I've given a fair bit of thought to the "AI problem" as it is commonly called, although many don't think there is one.  The more-thoughtful among business and computer folks, however, have -- including calls for a "moratorium" on AI activity in some cases.

I'd like to propose a framework that, in my opinion, likely resolves most or even all of the concerns around AI.

First, let's define what "AI" is: It is not actually "intelligence" as I would define it; like so much in our modern world that is a marketing term that stretches the truth at best ("Full self-driving" anyone?)  Rather it is a pattern-matching algorithm that is aimed specifically at human communication, that is, "speech", and thus can "learn things" via both external fixed sources (e.g. published information) and the interaction it has with users, thereby expanding the matrix of information to be considered over time.

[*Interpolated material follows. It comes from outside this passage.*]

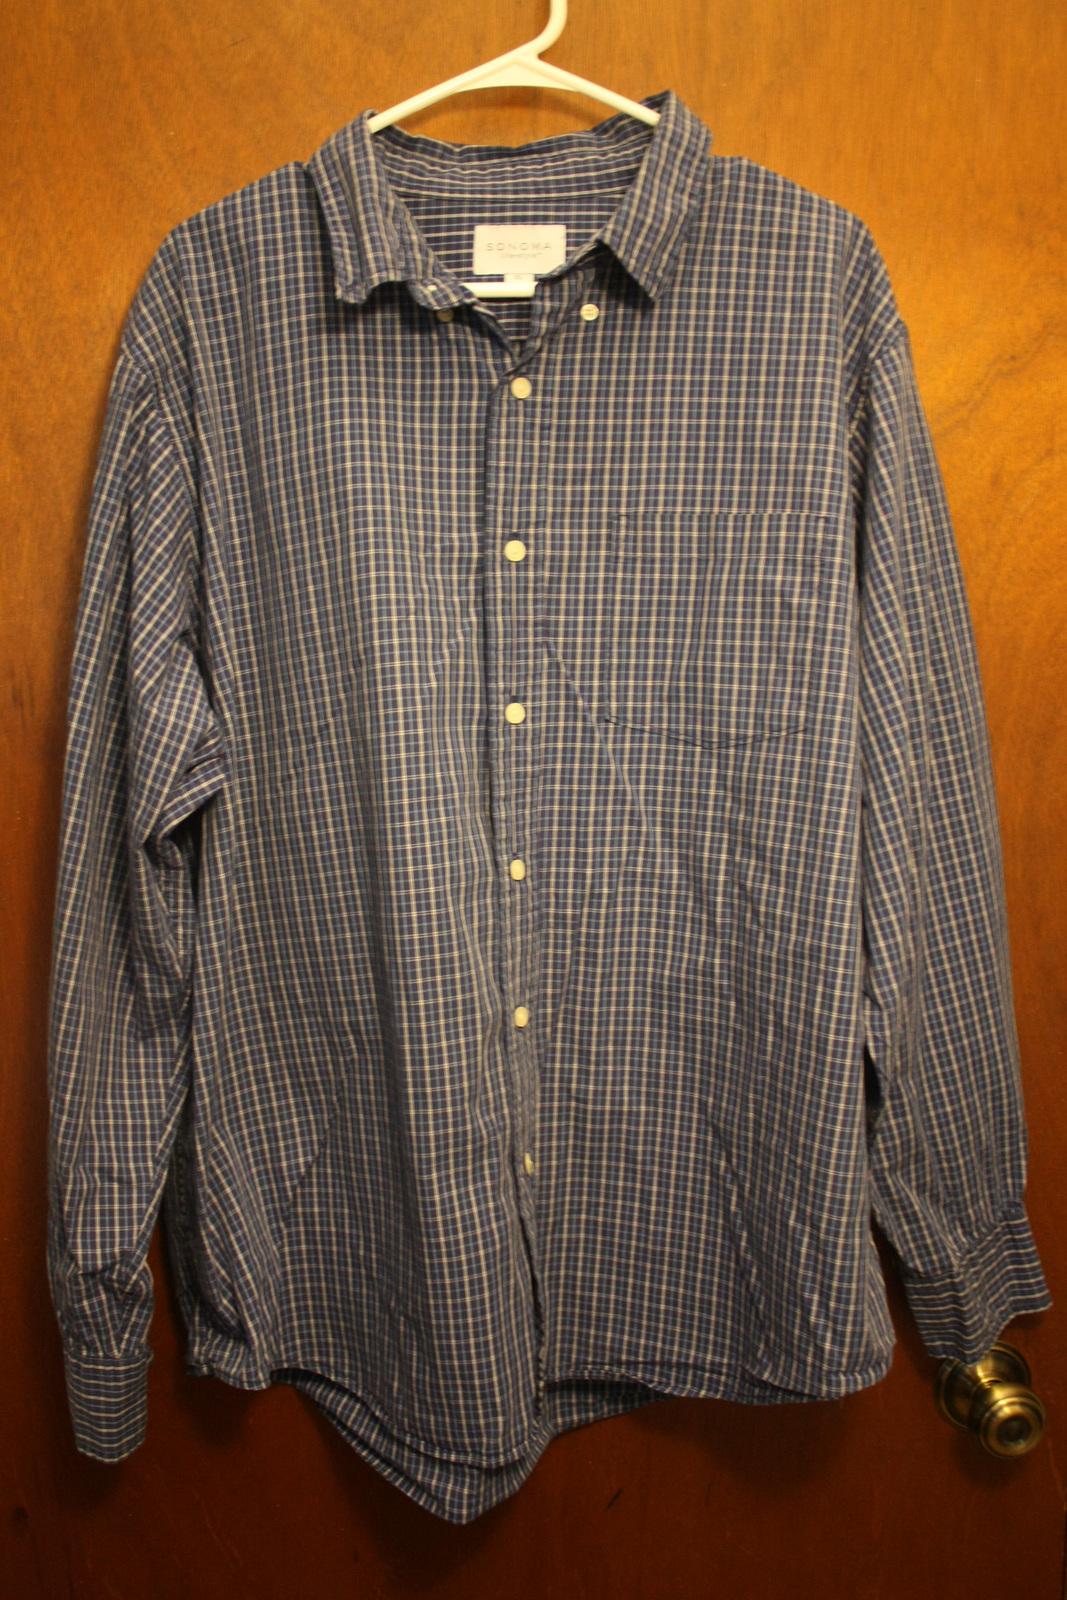 Sonoma Blue Plaid Long Sleeve Dress Shirt - Size XL - $14.99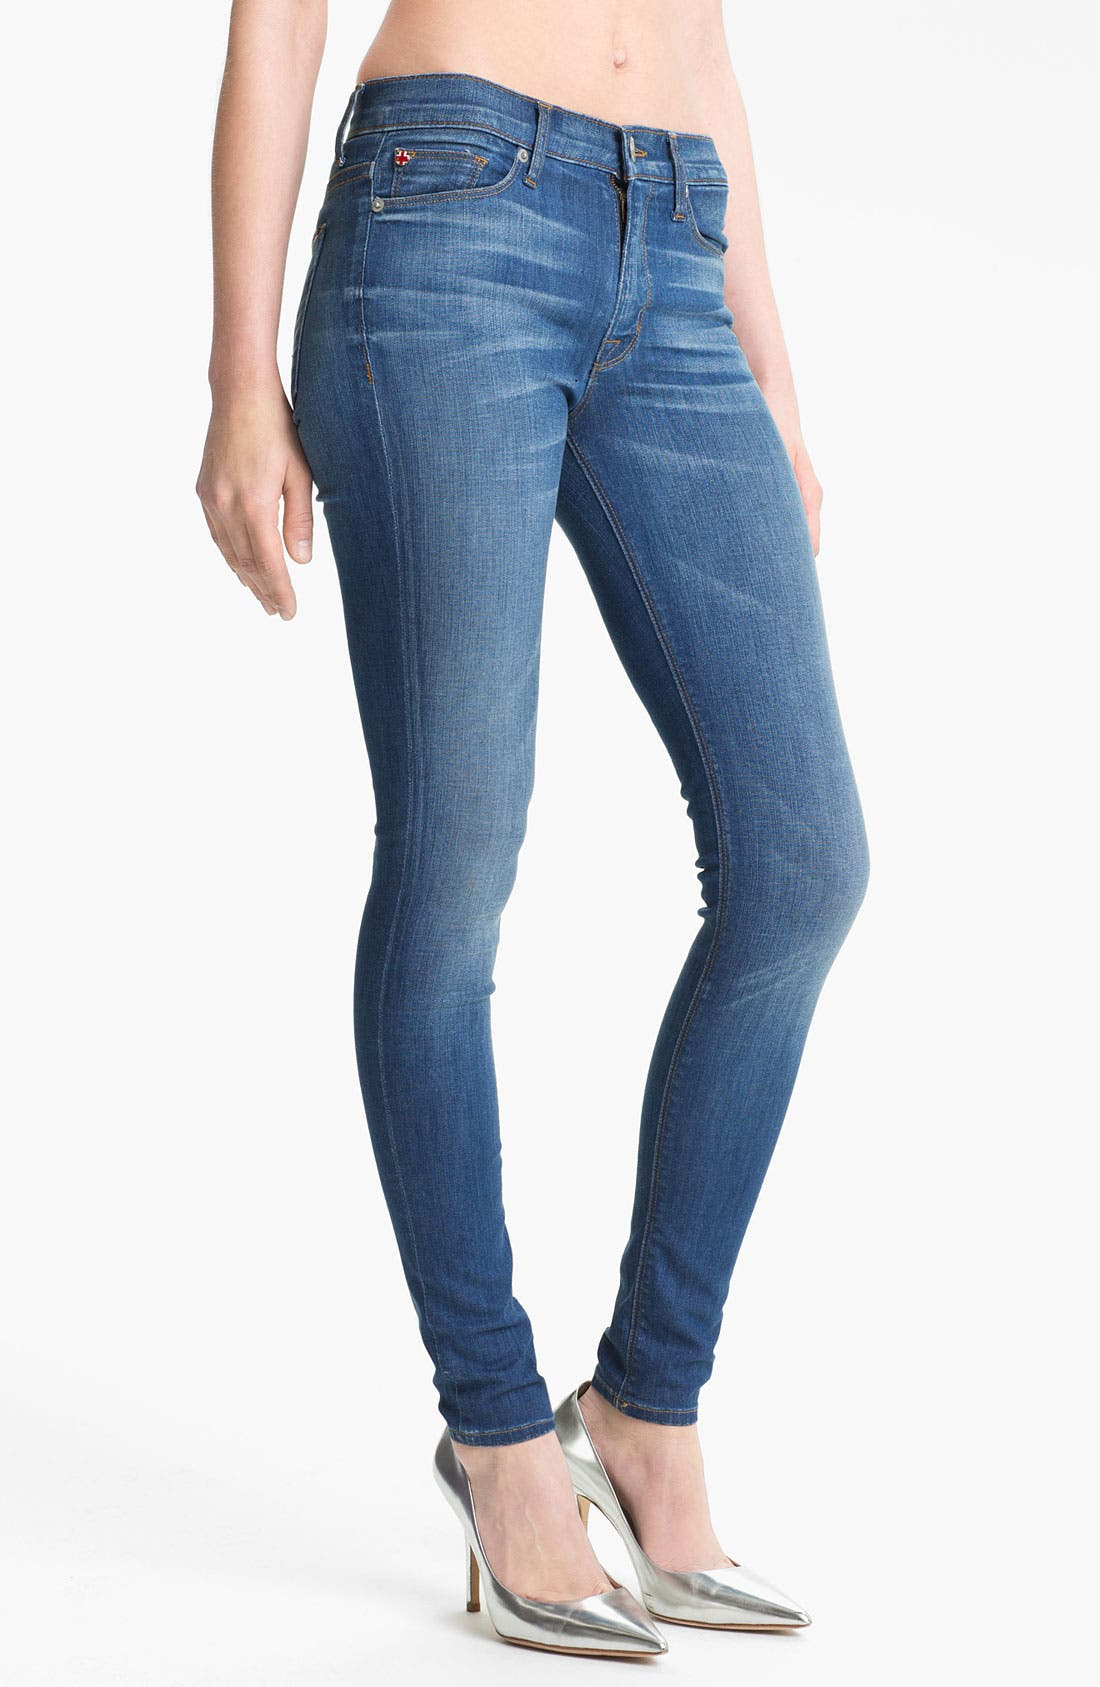 Main Image - Hudson Jeans 'Nico' Skinny Stretch Jeans (Morrissey)

What has been repeatedly shown, however, is that without guardrails of some sort these sorts of programming endeavors can become wildly unbalanced and they tend to take on the sort of tribal associations we find in humans on a pretty-frequent basis.  Exactly how this happens is not well-understood, but certainly it can be driven by human interaction if a general-purpose program of this sort integrates the responses and conversations it has with the userbase into its set of considered data.  That is, its not hard to train a computer to hate black people if all the users of it hate blacks, express that, and over-represent it in their conversations -- and the program incorporates those conversations into its "knowledge base."

Thus the use of what has come to be called "constitutional rules" -- for example, "you may not, by inference or direct statement, claim a preference or bias for or against any race or sex."  If you think of this as a database programmer would that's a constraint; "this value may be no more than X and no less than Y", for example.

Now contemplate this problem: What happens if the user of an AI with that constraint asks this question -- "List the perpetrators of murder on a per-capita basis ordered by race, age and sex."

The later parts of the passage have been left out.